When I first heard of ‘Kindness Week’, I chuckled a bit because I thought it was pathetic (in its strictest sense). Maybe I’m a pessimist when it comes to these sorts of things, but I really thought it was contemptibly inadequate.
Kindness Week had it’s inception seven years ago in Ottawa. It is the “flagship event” of an initiative called ‘Kind Ottawa’, who, as their site claims, is a “vibrant movement in [the] community, encouraging people to ‘choose to be kind’ ” (http://kindottawa.ca/about-2/).
The main reason I find it’s necessary to be critical is due to the fact that I was under the assumption that kindness was a basic value which was supposed to be taught by our parents. If not parents, then certainly in early childhood education. Money is spent towards initiatives which encourages people to ‘choose to be kind.’ Money which could and should be spent elsewhere.

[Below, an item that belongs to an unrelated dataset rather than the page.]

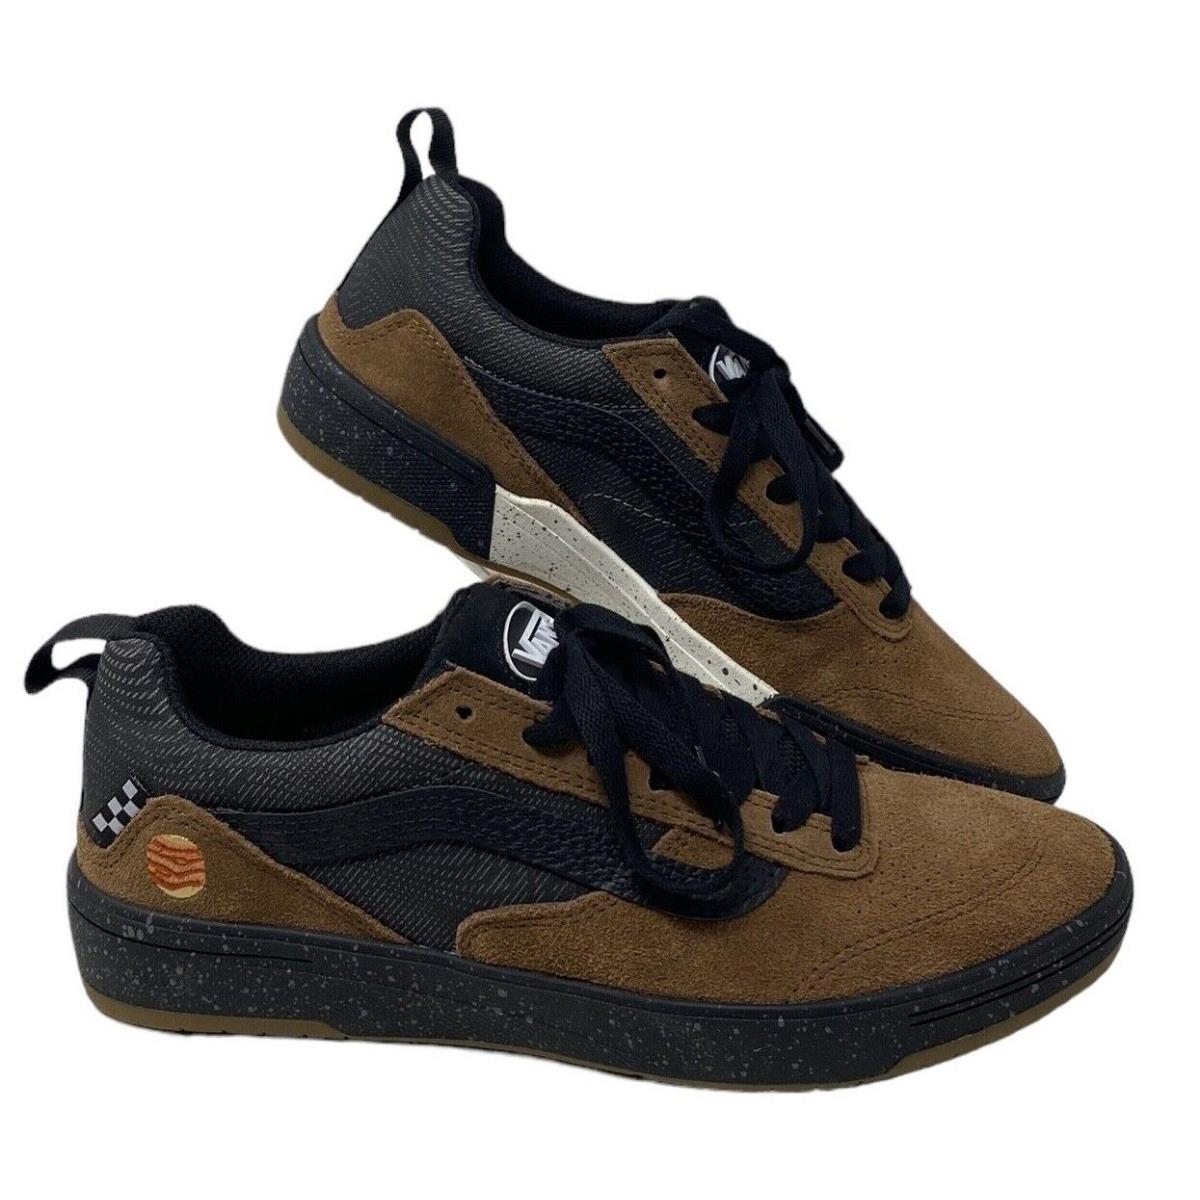 Vans Zahba Shoe For Women Skate Sneakers Low Top Suede Brown Casual VN0007QQBF0
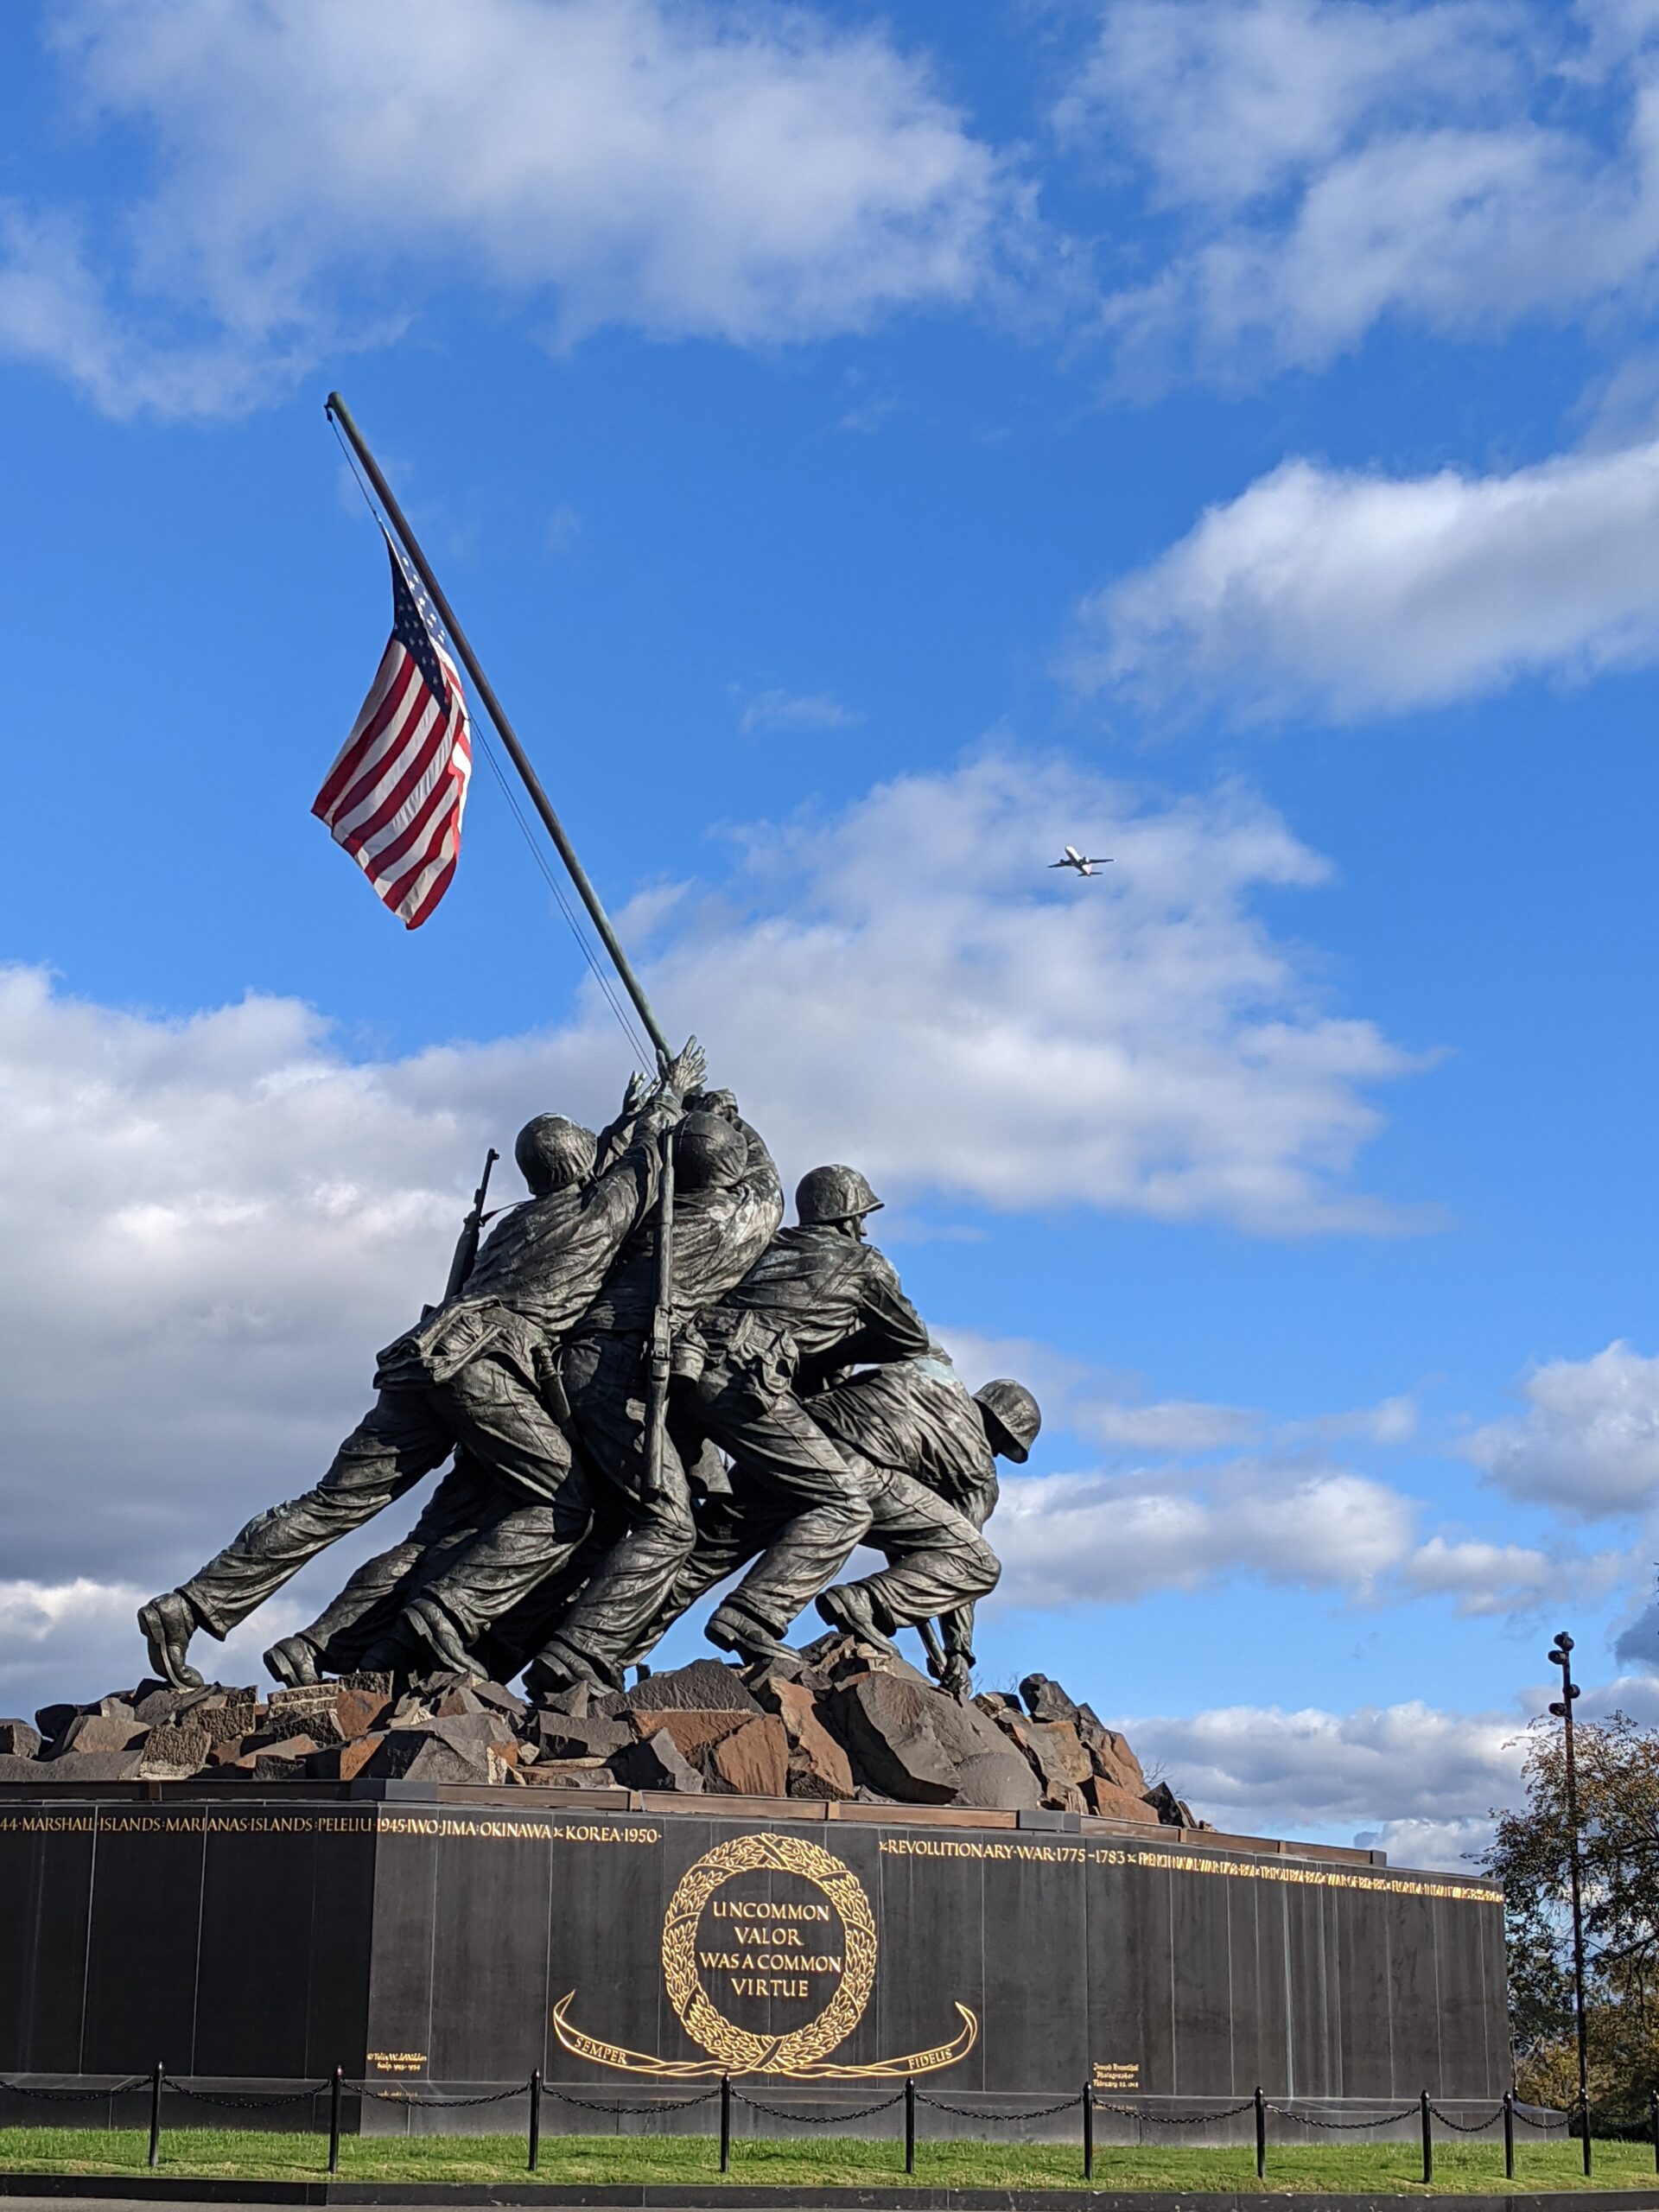 a giant sculpture of marines raising a flag (iwo jima photo)

Scrolling through the site, I found a long list of supporters and sponsors. Among them are Ottawa’s political leaders, small companies, schools. According to them, it is only because of these supporters who ’employ their resources, experience and enthusiasm [which] bring Kindness Week to life in Ottawa.’ Commendable. Very much so, I guess.
Kindness is a fruit of the Holy Spirit. It is a trait even secular society values to some extent, perhaps not to the extent of altruism or complete sacrifice (see what the researchers from Université de Montreal and University of Ottawa wrote about Bl. Mother Teresa’s altruism).
What happens at the end, is that the root problem remains unaddressed.
What happens at the end is that politicians can add one more event to their list of accomplishment for social change.
What happens at the end is that each individual is let off the hook, relieved of responsibility for practicing kindness each day.
Tell me what’s wrong with this picture?